Vehicle used to film a tornado

The Tornado Intercept Vehicle 1 (TIV 1) and Tornado Intercept Vehicle 2 (TIV 2) are vehicles used to film with an IMAX camera from very close distance or within a tornado. They were designed by film director Sean Casey. Both TIVs have "intercepted" numerous tornadoes, including the June 12, 2005, Jayton, Texas tornado, the June 5, 2009, Goshen County, Wyoming tornado, and the strongest intercept, done by the TIV 2, the May 27, 2013, Kansas tornado.

==TIV 1==

The Tornado Intercept Vehicle 1 (TIV 1) is a heavily modified 1997 Ford F-Series F-Super Duty cab & chassis truck used as a storm chasing platform and built by Sean Casey.
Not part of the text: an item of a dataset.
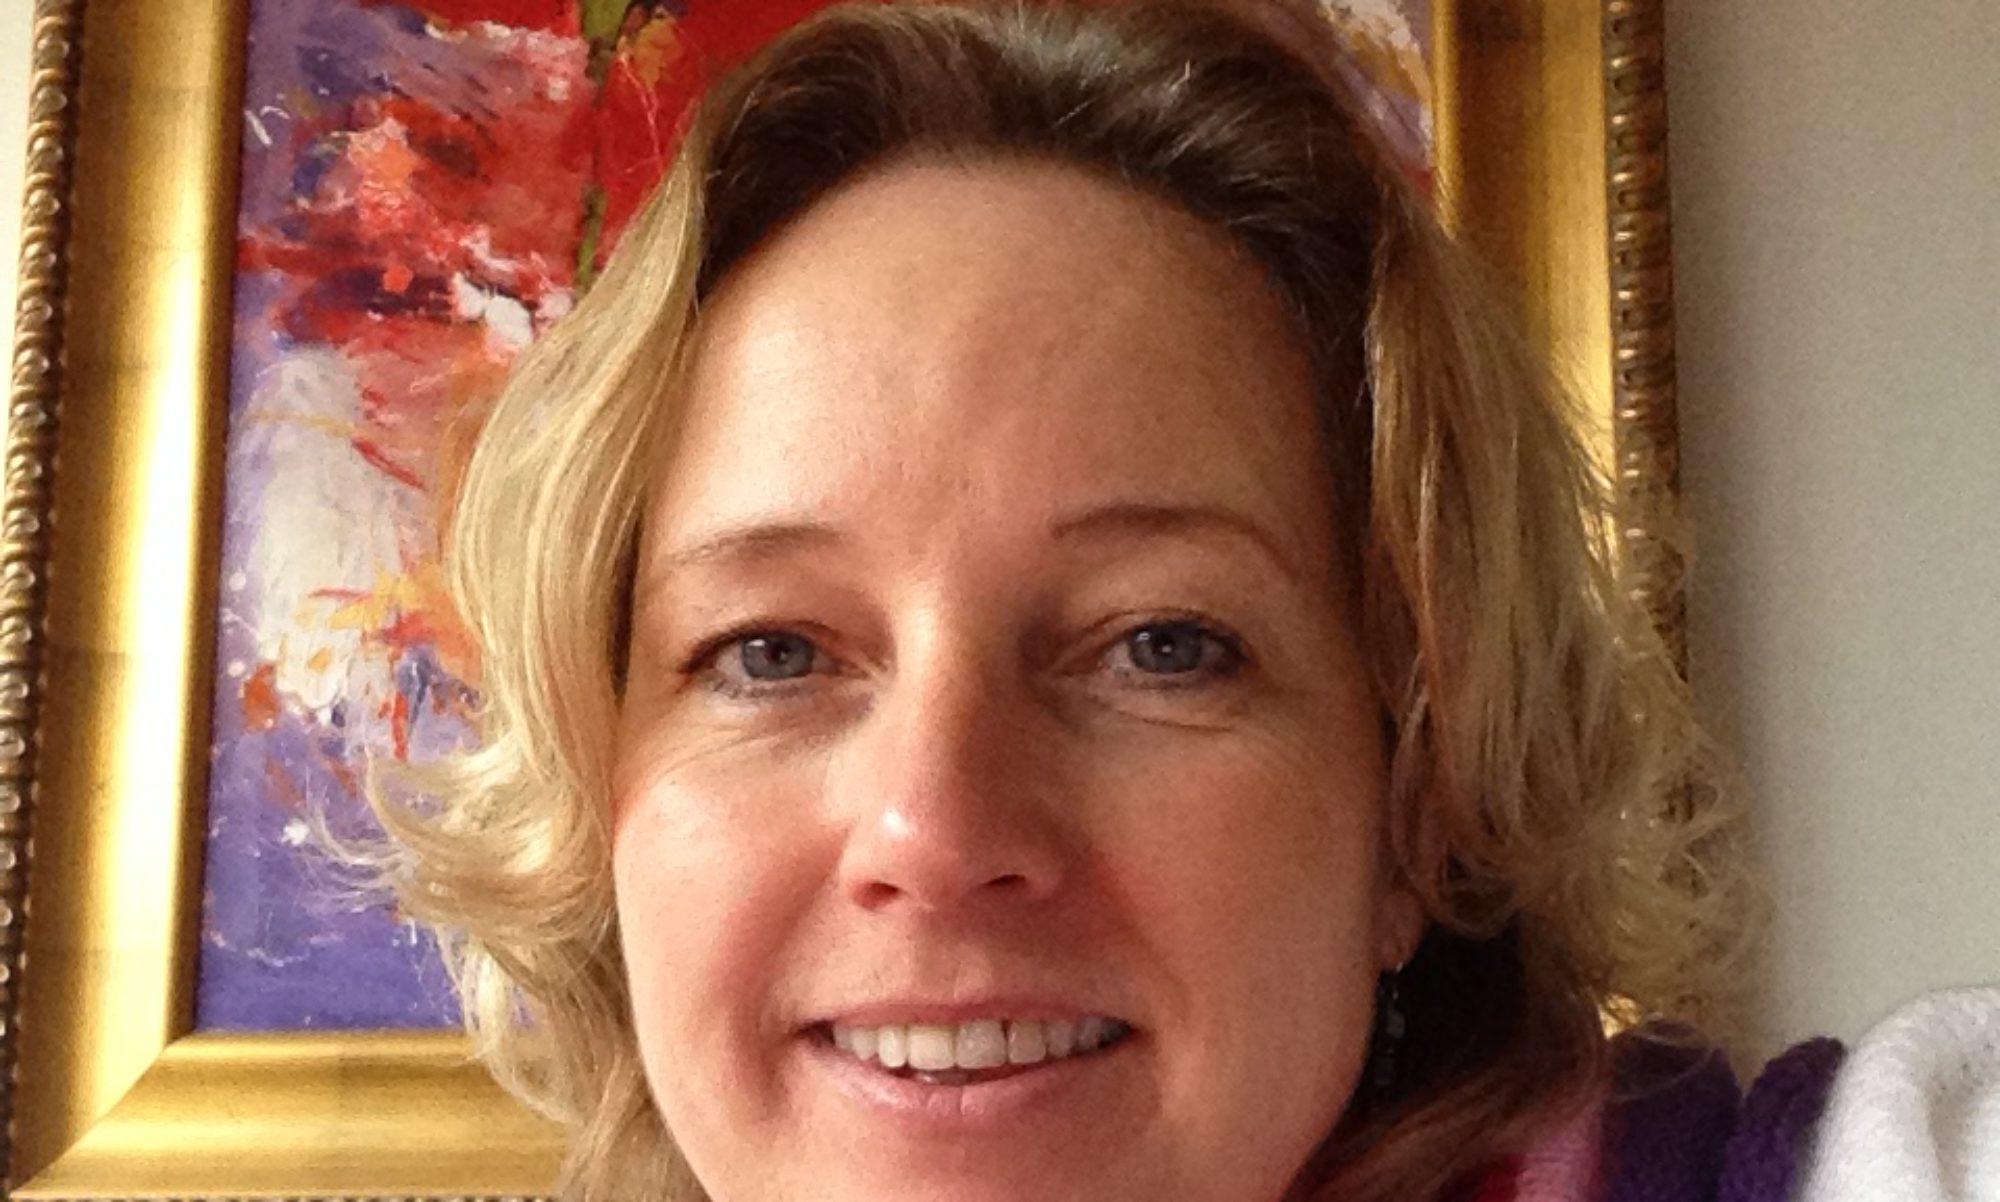 Claudia De Coninck-Ziegler-Zech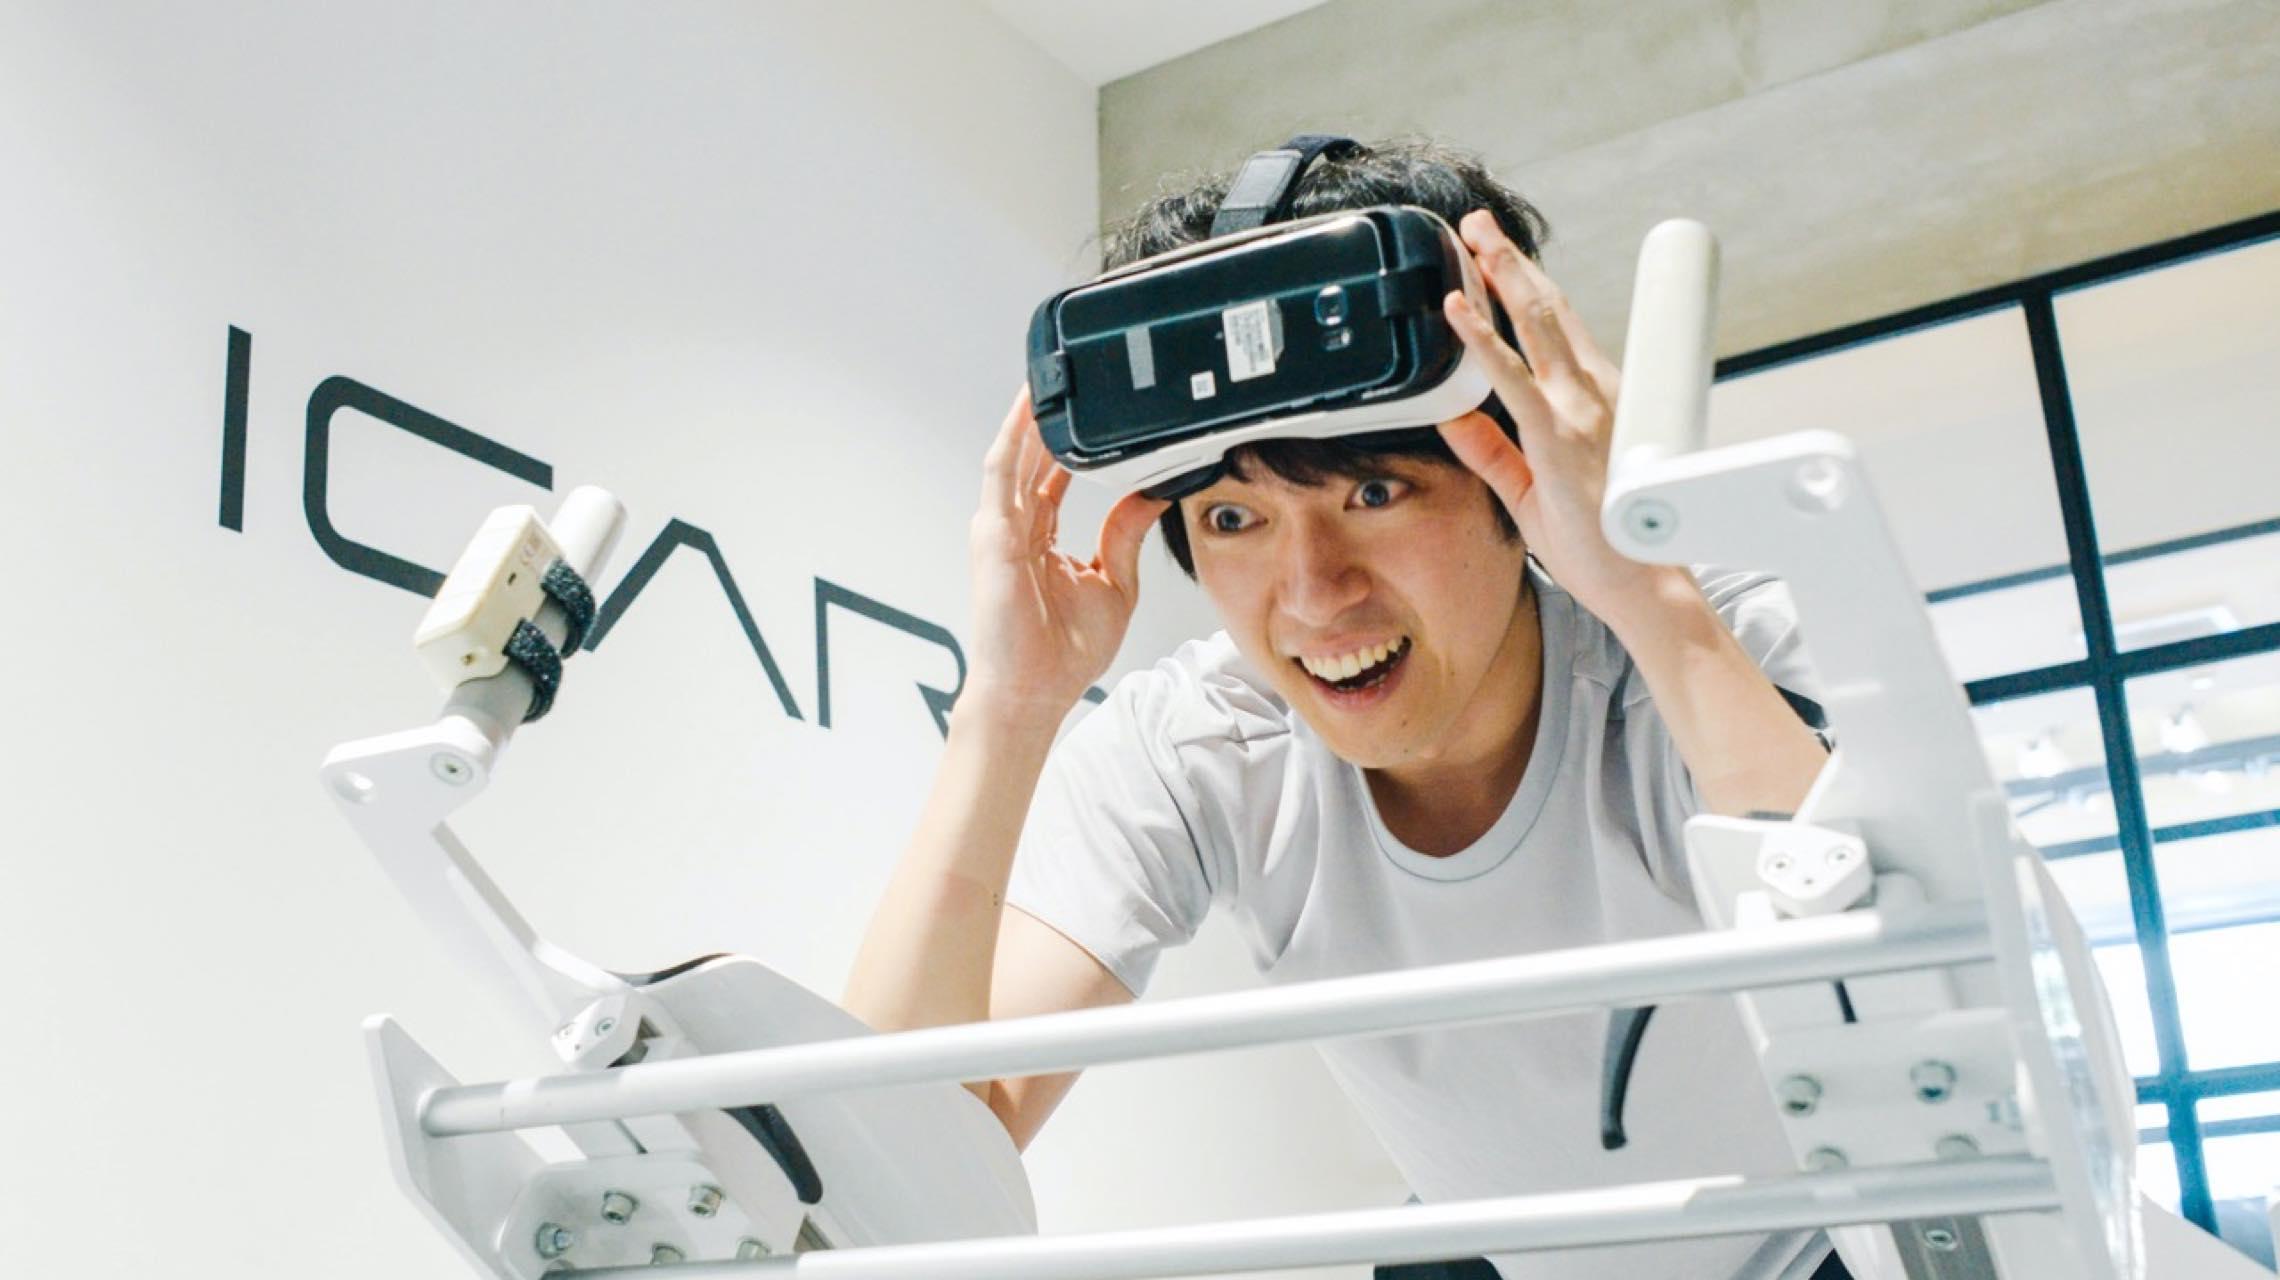 """【""""残念なイケメン""""もりすけが行く!】 VRの世界を飛び回る体幹トレーニング「イカロス」にチャレンジ"""

This heavily armored vehicle can drive into a weak to relatively strong tornado (EF0 to EF3) to film it and take measurements. Work began on the TIV 1 in December 2002 and took around eight months to finish, at a total cost of around US$81,000. TIV's armored shell consists of 1/8–1/4 inch steel plate welded to a two-inch square steel tubing frame. The windows are bullet resistant polycarbonate, measuring 1.5 in thick on the windshield and 0.5 in thick on the sides. The TIV 1 weighs approximately 14,000 lb fully loaded and is powered by a 7.3 litre Ford Powerstroke turbocharged diesel engine manufactured by Navistar-International, otherwise known as the Navistar T444E.

Before an intercept the front of the vehicle is angled downwards, and four hydraulic claws are lowered into the ground to stabilize the vehicle. The vehicle's top speed is 80 mi/h. The TIV 1 has a fuel capacity of 60 USgal, giving it a range of around 500 mi. The TIV 1 is featured in a series called Storm Chasers which began airing on the Discovery Channel in October 2007. TIV 1 was succeeded in 2008 by TIV 2, but returned to service to finish out the first few chases of the 2008 storm chasing season after TIV 2 suffered mechanical problems. In a June 2011 interview with NPR's All Things Considered, Casey said that TIV 1 was still in service and is designated as the backup vehicle in the event TIV 2 breaks down during a shoot.

After no longer needing the vehicle, Casey abandoned the vehicle on a central Kansas farm. Casey placed the TIV 1 as a prize for a scavenger hunt, where the first one to find the TIV would be able to keep it. Wichita-based storm chaser Robert Clayton found the vehicle in 2020, after searching for it on Google Earth.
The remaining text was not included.